Question

How do you factor $ - 3{x^2} + 2x + 2$?

Answer 1

Hint: First take $ - 3$ common from the given equation. Next, compare the given quadratic equation to the standard quadratic equation and find the value of numbers $a$, $b$ and $c$ in the given equation. Then, substitute the values of $a$, $b$ and $c$ in the formula of discriminant and find the discriminant of the given equation. Finally, put the values of $a$, $b$ and $D$ in the roots of the quadratic equation formula and get the desired result.

Formula used: The quantity $D = {b^2} - 4ac$ is known as the discriminant of the equation $a{x^2} + bx + c = 0$ and its roots are given by
$x = \dfrac{{ - b \pm \sqrt D }}{{2a}}$ or $x = \dfrac{{ - b \pm \sqrt {{b^2} - 4ac} }}{{2a}}$

Complete step-by-step solution:
It is given that the expression of $ - 3{x^2} + 2x + 2$
We know that an equation of the form $a{x^2} + bx + c = 0$, $a,b,c,x \in R$, is called a Real Quadratic Equation.
The numbers $a$, $b$ and $c$ are called the coefficients of the equation.
The quantity $D = {b^2} - 4ac$ is known as the discriminant of the equation $a{x^2} + bx + c = 0$ and its roots are given by
$x = \dfrac{{ - b \pm \sqrt D }}{{2a}}$ or $x = \dfrac{{ - b \pm \sqrt {{b^2} - 4ac} }}{{2a}}$
So, first we will take $ - 3$ common from the given equation.
$ - 3{x^2} + 2x + 2 = - 3\left( {{x^2} - \dfrac{2}{3}x - \dfrac{2}{3}} \right)$
Next, compare ${x^2} - \dfrac{2}{3}x - \dfrac{2}{3}$ quadratic equation to standard quadratic equation and find the value of numbers $a$, $b$ and $c$.
Comparing ${x^2} - \dfrac{2}{3}x - \dfrac{2}{3}$ with $a{x^2} + bx + c = 0$, we get
$a = 1$, $b = - \dfrac{2}{3}$ and $c = - \dfrac{2}{3}$
Now, substitute the values of $a$, $b$ and $c$ in $D = {b^2} - 4ac$ and find the discriminant of the given equation.
$D = {\left( { - \dfrac{2}{3}} \right)^2} - 4\left( 1 \right)\left( { - \dfrac{2}{3}} \right)$
After simplifying the result, we get
$D = \dfrac{{28}}{9}$
Which means the given equation has real roots.
Now putting the values of $a$, $b$ and $D$ in $x = \dfrac{{ - b \pm \sqrt D }}{{2a}}$, we get
$x = \dfrac{{\dfrac{2}{3} \pm \dfrac{{2\sqrt 7 }}{3}}}{{2 \times 1}}$
Divide numerator and denominator by $2$, we get
$x = \dfrac{1}{3} \pm \dfrac{{\sqrt 7 }}{3}$
So, $x = \dfrac{1}{3} + \dfrac{{\sqrt 7 }}{3}$ and $x = \dfrac{1}{3} - \dfrac{{\sqrt 7 }}{3}$are roots of equation ${x^2} - \dfrac{2}{3}x - \dfrac{2}{3}$.

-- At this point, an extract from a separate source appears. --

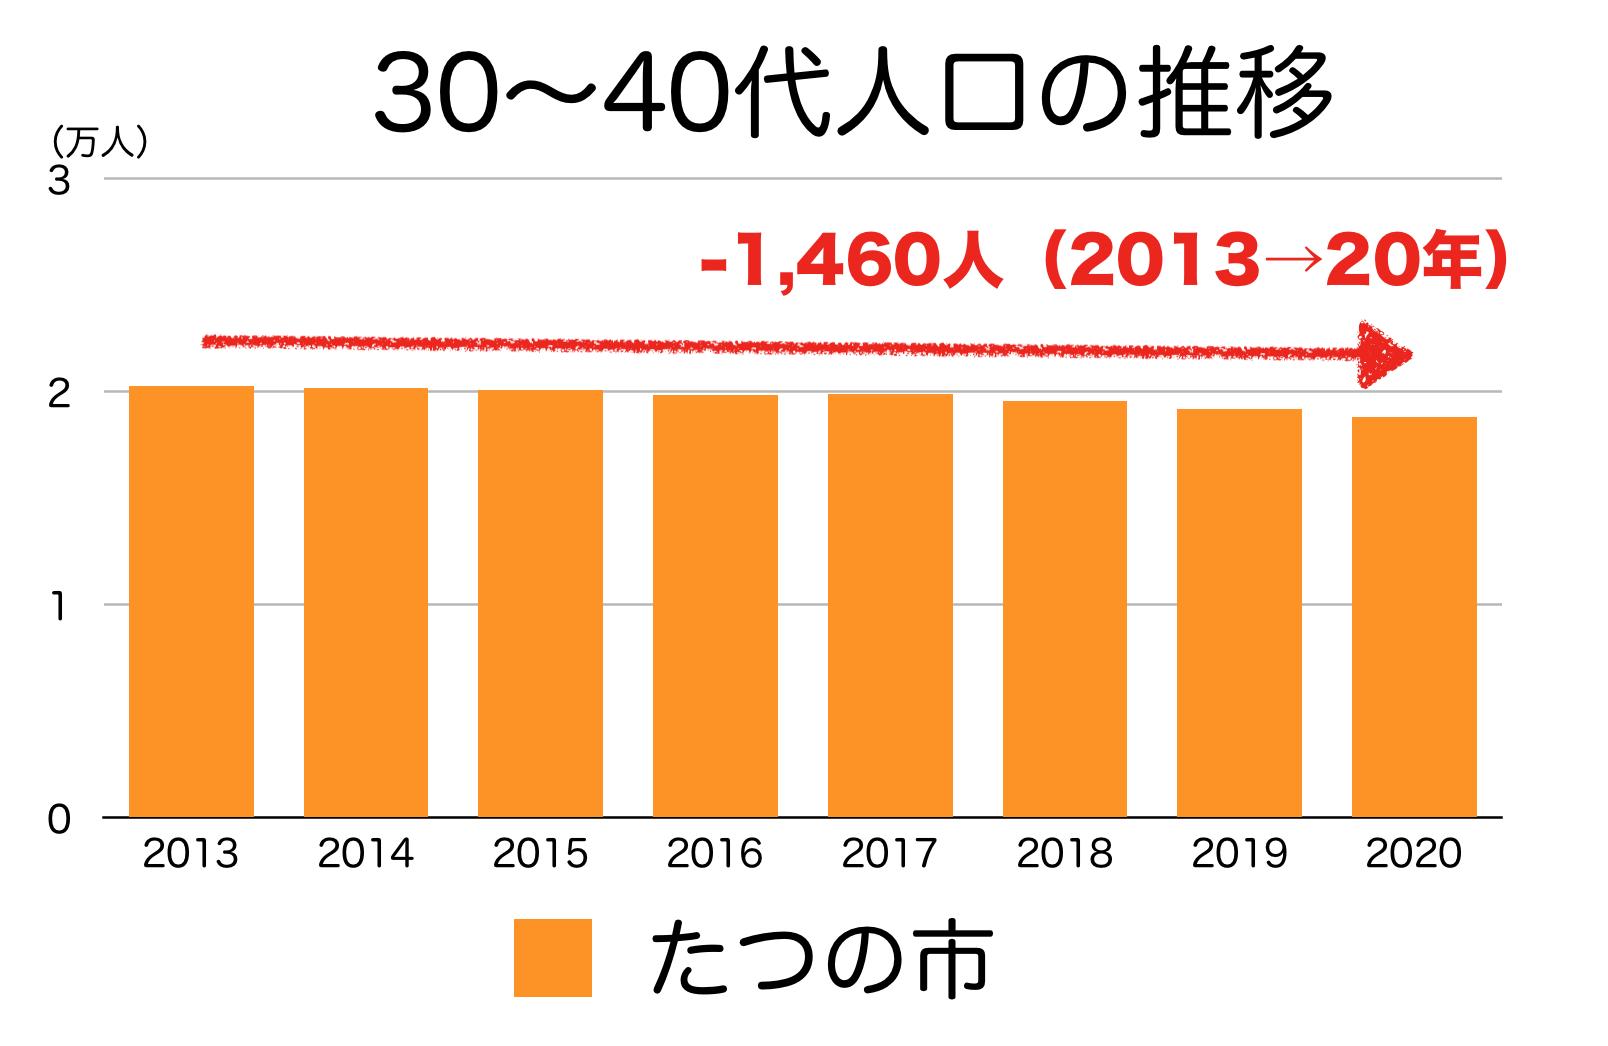 たつの市の30〜40代人口の推移

Therefore, the trinomial $ - 3{x^2} + 2x + 2$ can be factored as $ - 3\left( {x - \dfrac{1}{3} - \dfrac{{\sqrt 7 }}{3}} \right)\left( {x - \dfrac{1}{3} + \dfrac{{\sqrt 7 }}{3}} \right)$.

Note: In above question, it should be noted that we get $x = \dfrac{1}{3} + \dfrac{{\sqrt 7 }}{3}$and $x = \dfrac{1}{3} - \dfrac{{\sqrt 7 }}{3}$ as the roots of equation${x^2} - \dfrac{2}{3}x - \dfrac{2}{3}$.
No other roots will satisfy the condition.
If we take wrong factors, then we will not get a trinomial on their product. So, carefully find the roots.